- The statue in 2011
- Artist: Bill Bane
- Year: 2011
- Type: Sculpture
- Medium: Bronze
- Subject: Royal Rosarian
- Dimensions: 1.9 m × 0.66 m × 0.51 m (6.2 ft × 2.2 ft × 1.7 ft)
- Location: Portland, Oregon, United States; 45°31′06″N 122°42′20″W﻿ / ﻿45.51837°N 122.70552°W;
- Owner: City of Portland

= Royal Rosarian =

Statue in Portland, Oregon, U.S.

Royal Rosarian is an outdoor 2011 bronze sculpture by American artist Bill Bane, located at the International Rose Test Garden, Washington Park in Portland, Oregon, United States.

==Description and history==
Royal Rosarian, designed by Oregon artist Bill Bane, was installed in Washington Park in 2011, becoming the park's third bronze sculpture. Depicting a Royal Rosarian tipping his hat, the sculpture measures 76 in x 26 in x 20 in.
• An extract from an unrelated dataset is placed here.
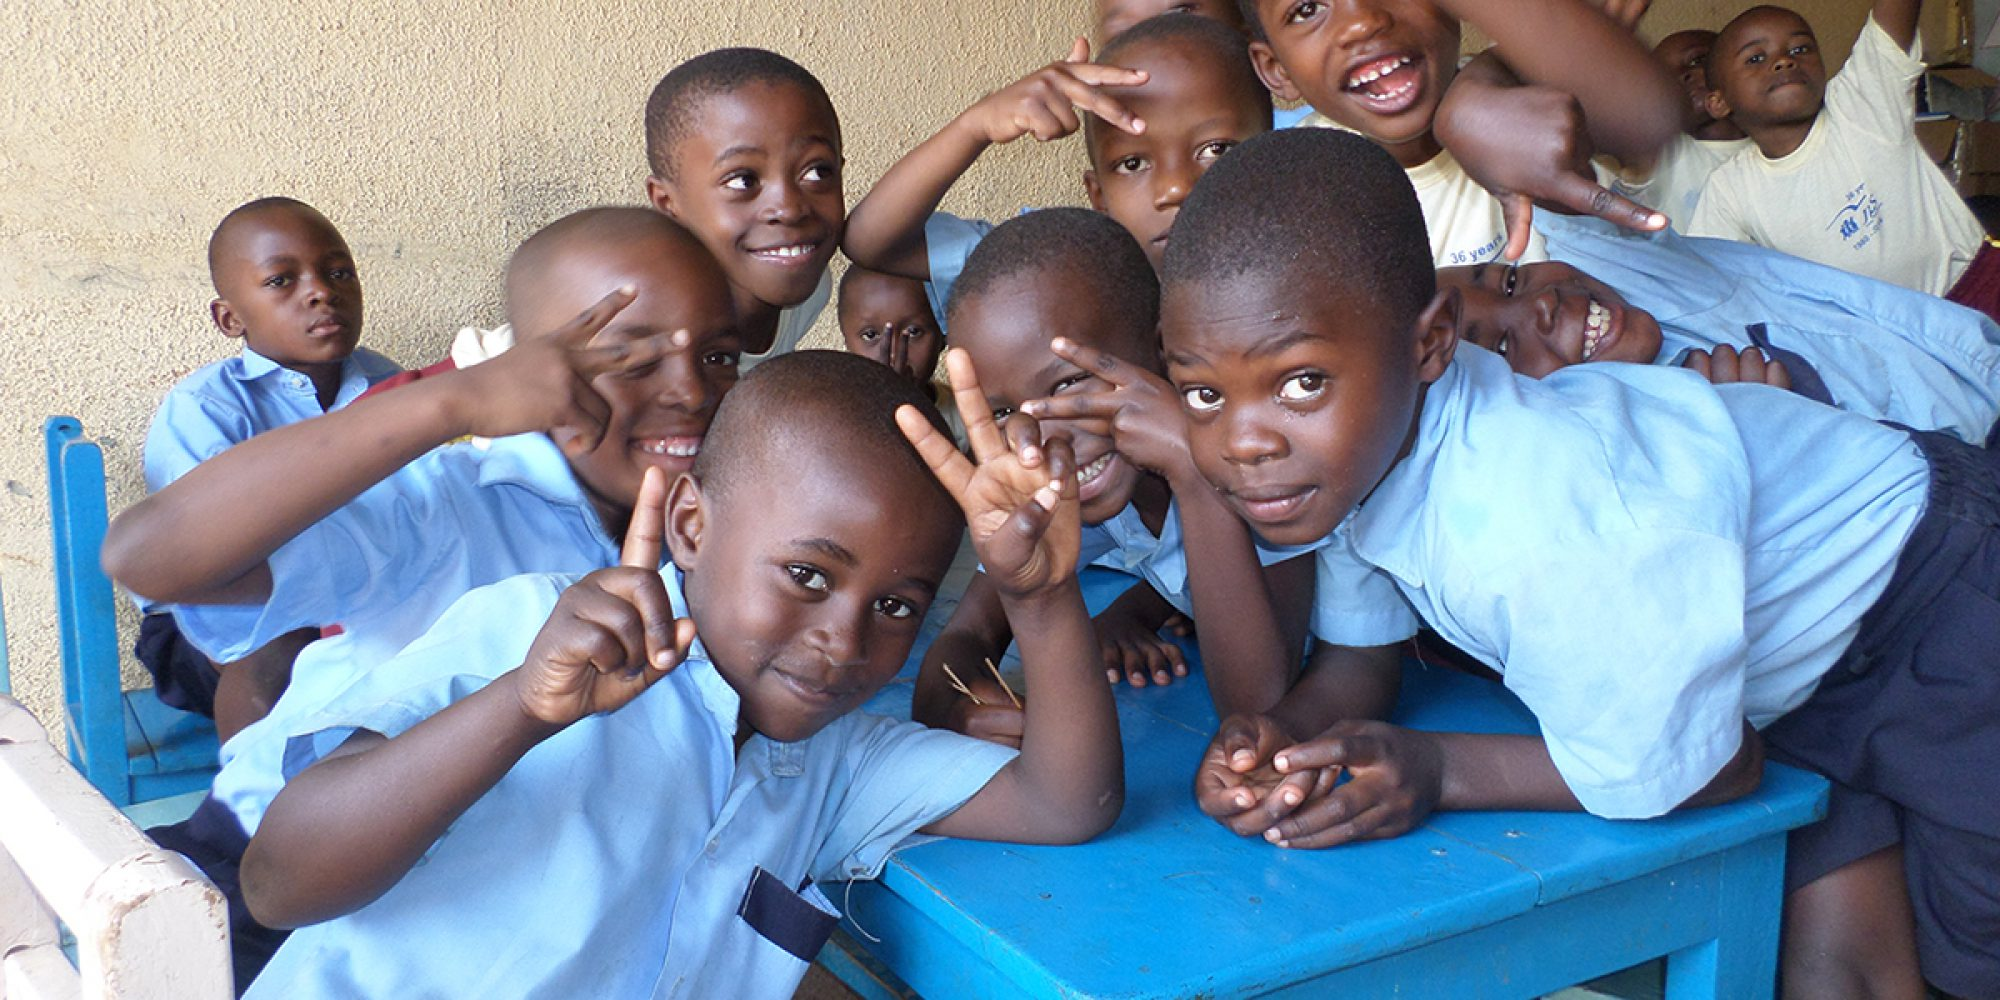 Des jeunes réfugiés dans l'école maternelle de JRS, dans le cadre du Programme d'urgence urbaine de JRS Kampala
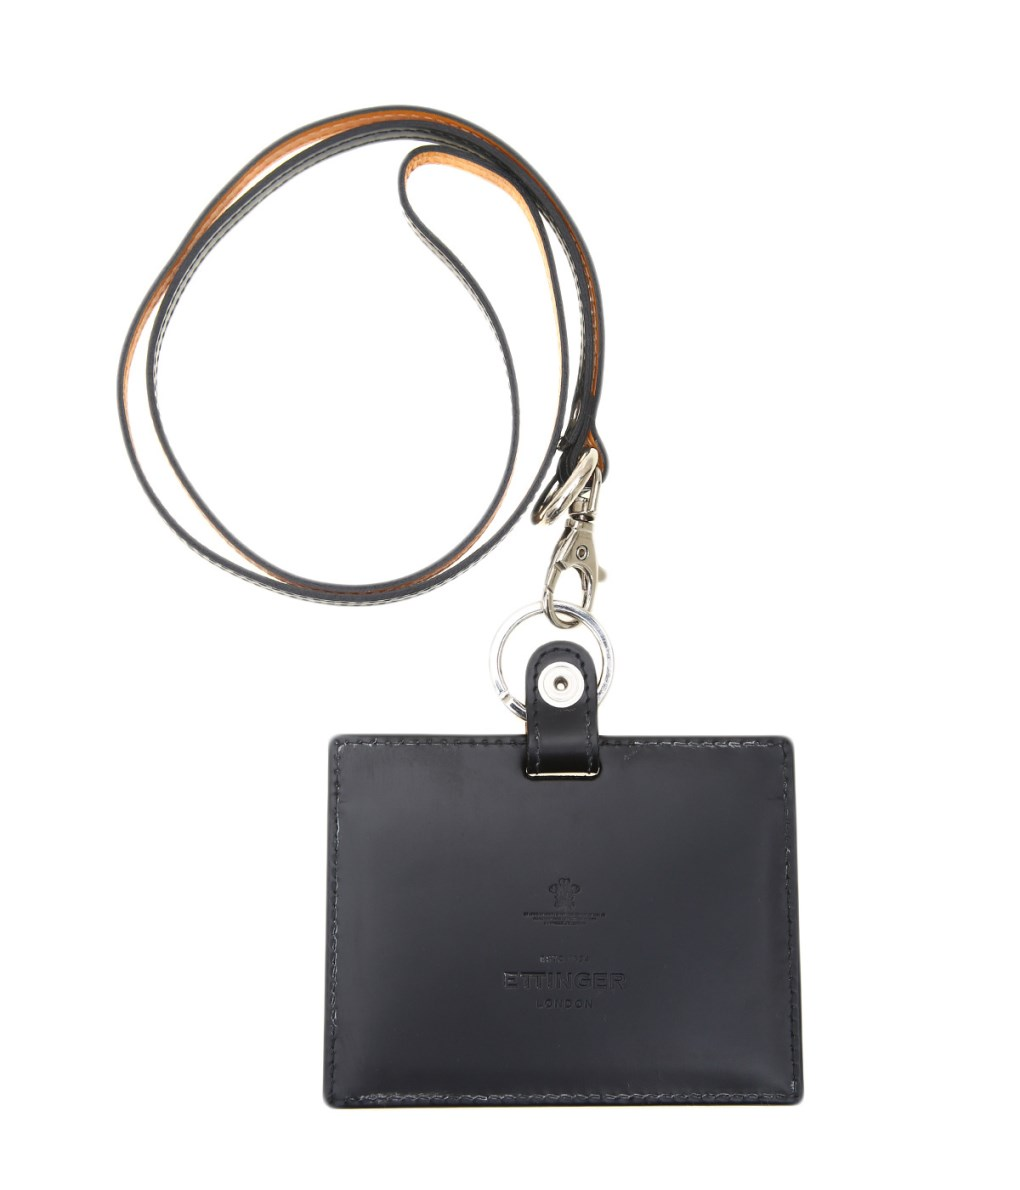 ETTINGER / エッティンガー : ID Card Case (Bridle+Panel) / 全2色 : エッティンガー レザー 本革 IDケース カードケース 定番 : BH849JR 【MUS】

It cost $41,000 and was commissioned by the Rosarians and the Royal Rosarian Foundation to commemorate the civic group's 100th anniversary. A dedication ceremony was held in October 2011, beginning a series of celebrations associated with the organization's centennial. The statue was presented to City Commissioner Nick Fish as a gift to Portland from the Royal Rosarians. It is owned by the City of Portland.